I mourn the passing of Leslie Scalapino. Her brilliant work with temporality, narratival structure, gender, sonics, meaning, transcendencies, corporealities, the Mind...I was always amazed by what she was doing. With many, all too many perhaps, of course the work and the person are not equally amazing - but with Leslie this was not the case. She mentored and supported and influenced so many, and was a force of good. No, I did not know her well. She knew me by name, perhaps because every time I could I'd go see her read and I'd bring the same books for her to sign. Her work and kindness gave me reason to believe when there were many poets who would find a way to supply a backhanded compliment. They were not, are not, so actualized. I am not. I'm not so eloquent. It's better just to hear her for yourself. I will say one thing though.

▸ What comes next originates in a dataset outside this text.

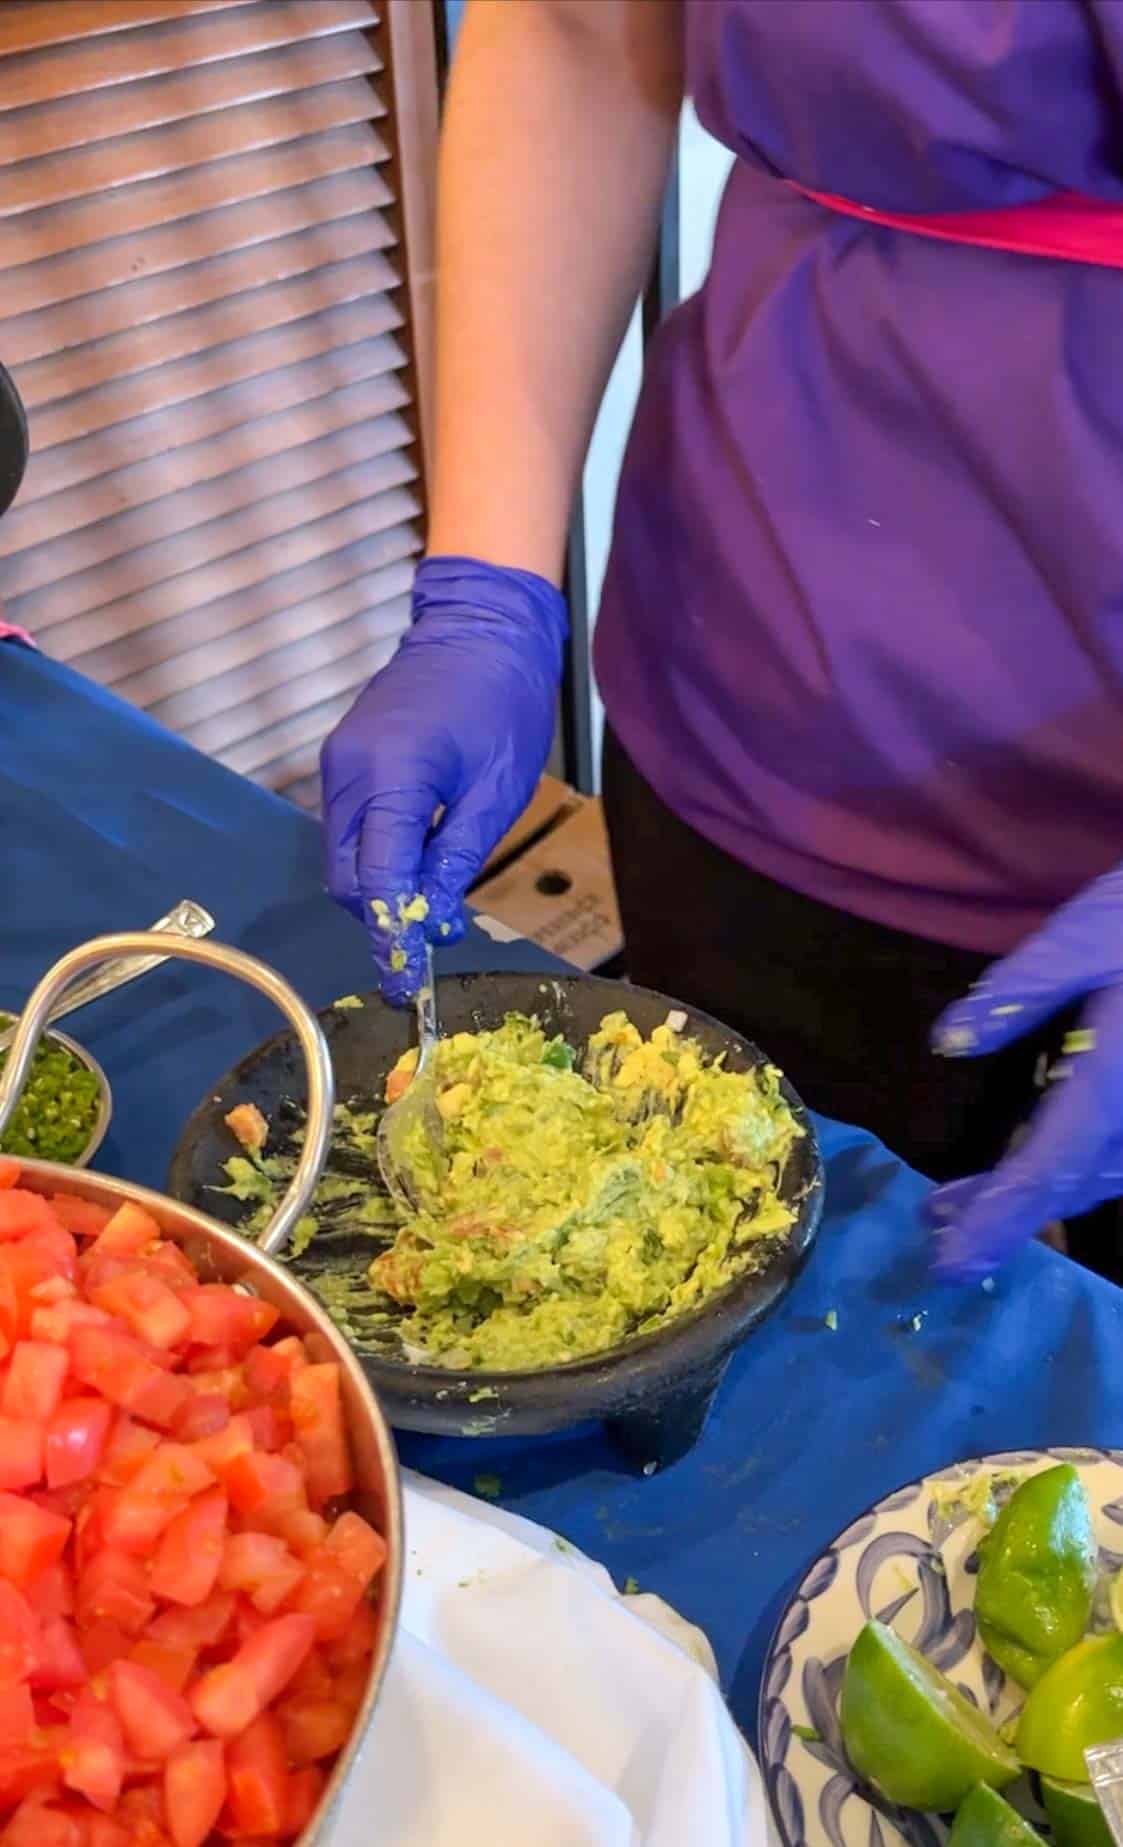 A hand with a purple plastic glove mixing guacamole in a black bowl on a blue table.

In 1985, I was reading Rilke, Rimbaud, Patti Smith, Jim Morrison and beyond that mostly the beats. I had little idea of what poetry could be but knew what I was writing wasn't anything like what I was reading in high school. I found a copy of That They Were at the Beach in a bookstore and there was something unlike anything else and I connected with it and thought that maybe what I was writing wasn't worthless after all. It was cool too, I recall that after researching it further, that she went to Reed College as I was about to head out there. When I got there, her work appeared in American Poetry Review (I hadn't yet found other outlets) and I'm grateful for that. I carried that around in my backpack everywhere. Like a little blanket. I was 17. All I can say is her work gave me belief in poetry happening while I was alive and life while I've been alive.
I wish I had something grand to say, something beautifully elegant. She gave so much and made so much. It's a sad time, sad, sad time. I cannot estimate the gift of her verse and life.